• _Provided entries_

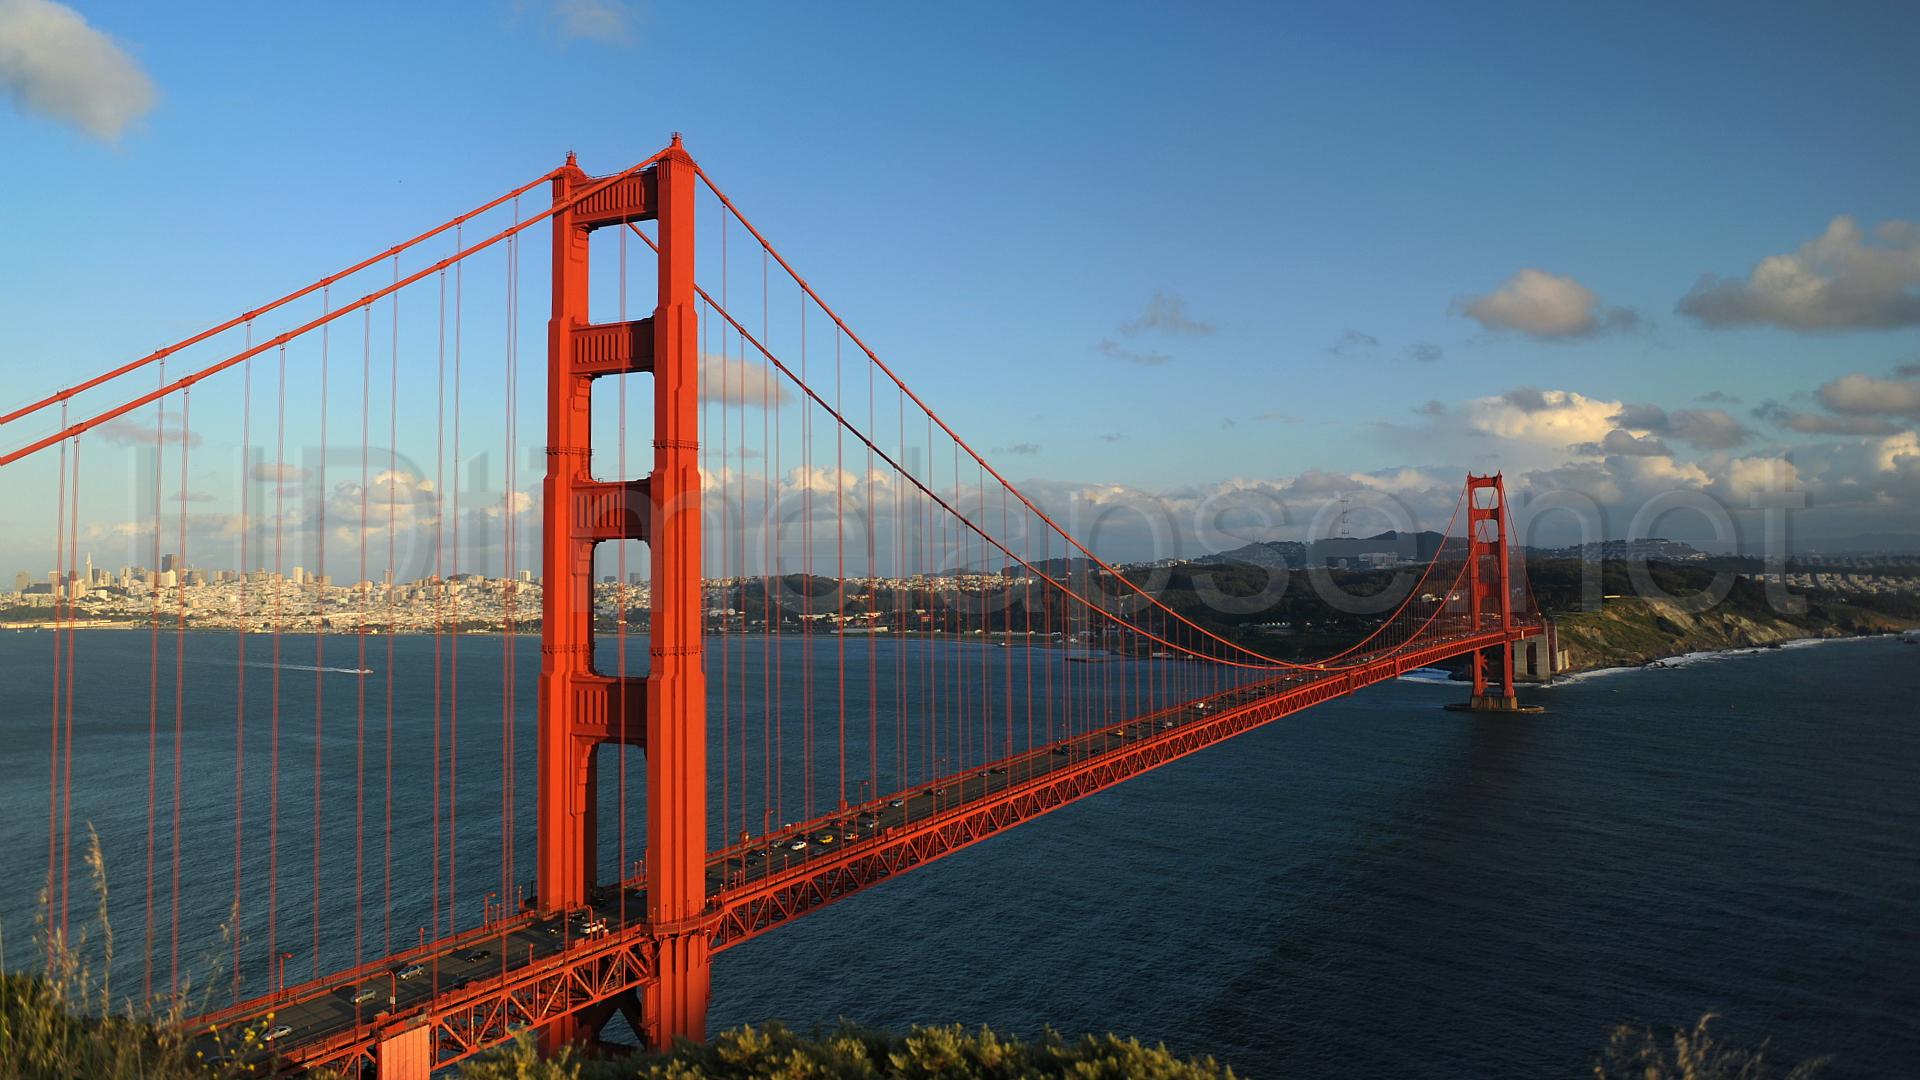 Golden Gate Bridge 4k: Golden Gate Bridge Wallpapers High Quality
...
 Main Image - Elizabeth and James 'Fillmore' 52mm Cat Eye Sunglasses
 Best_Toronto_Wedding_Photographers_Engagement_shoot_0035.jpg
==
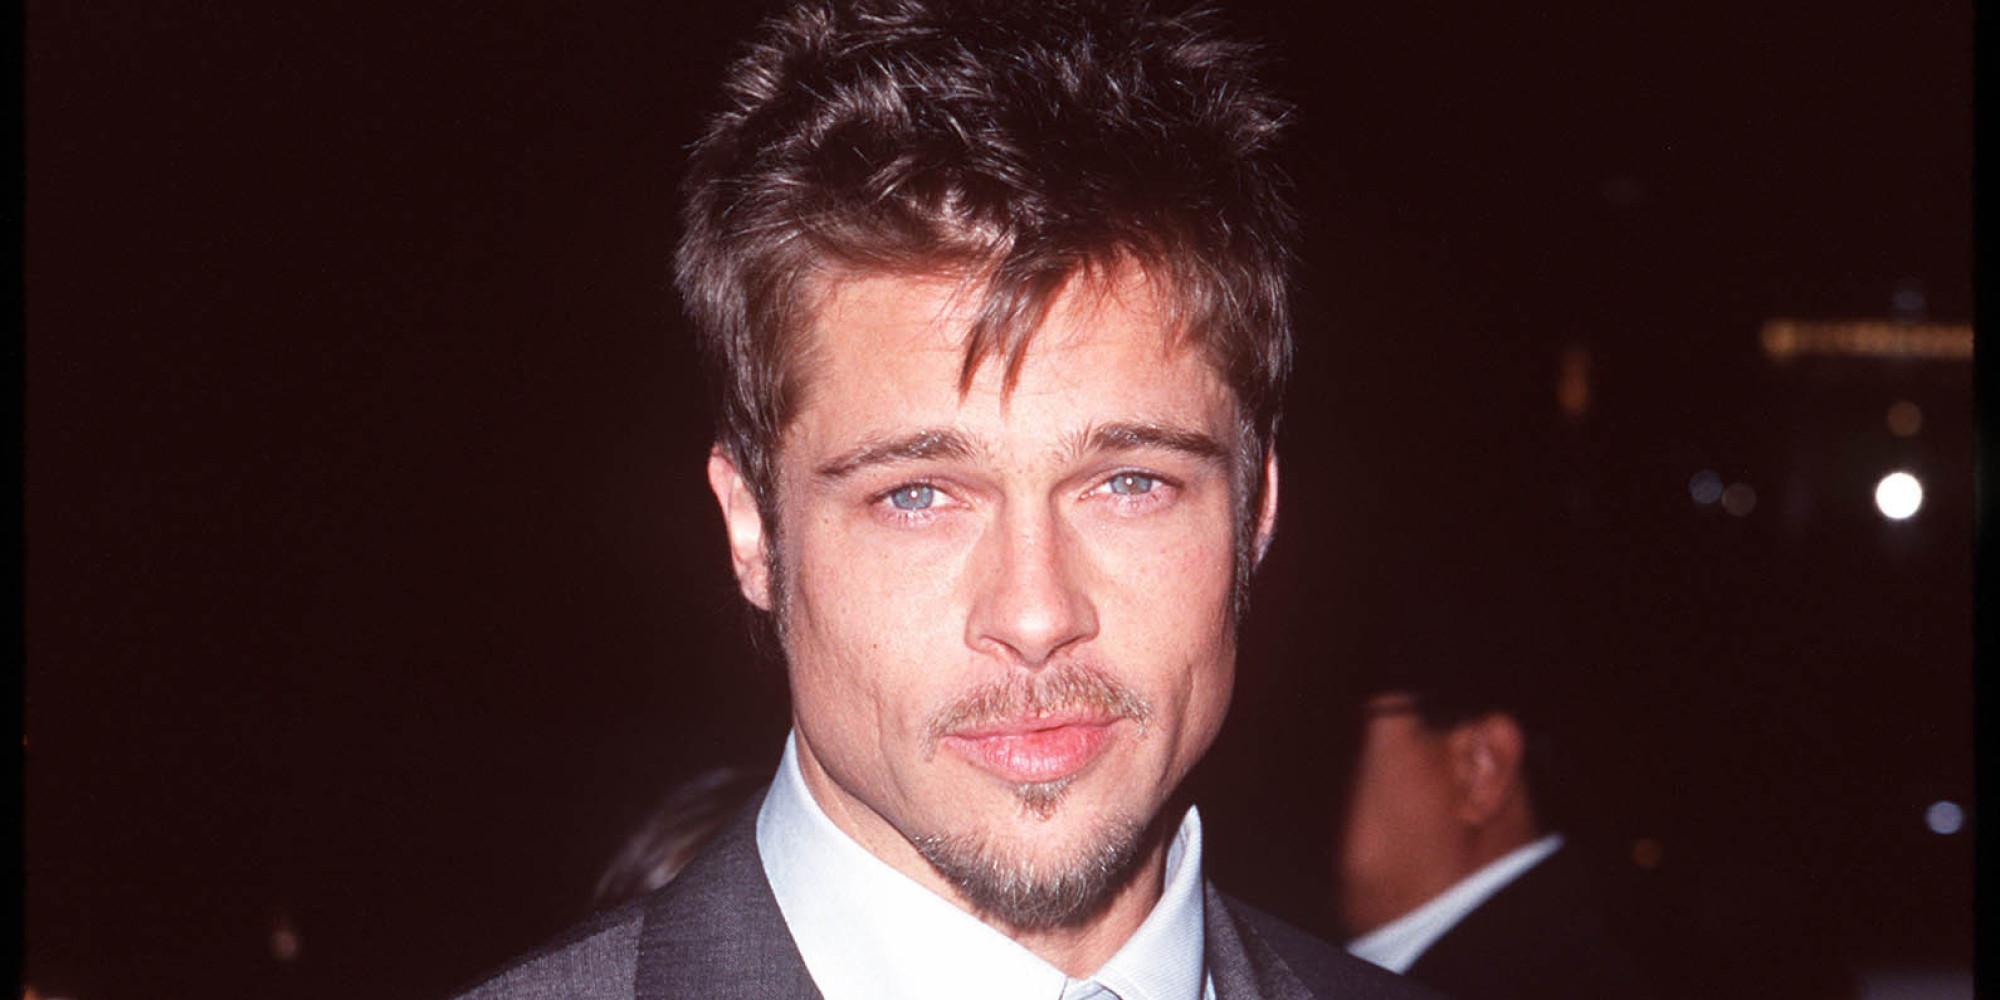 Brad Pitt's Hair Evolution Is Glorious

• _Work instructions_
The reply should hold only the lines of the listing above starting at the line containing "Main Image - Elizabeth" and ending at the line containing "Best_Toronto_Wedding_Photographers_Engagement_shoot_0035.jpg", exactly as written.

• _Exercise answer_
 Main Image - Elizabeth and James 'Fillmore' 52mm Cat Eye Sunglasses
 Best_Toronto_Wedding_Photographers_Engagement_shoot_0035.jpg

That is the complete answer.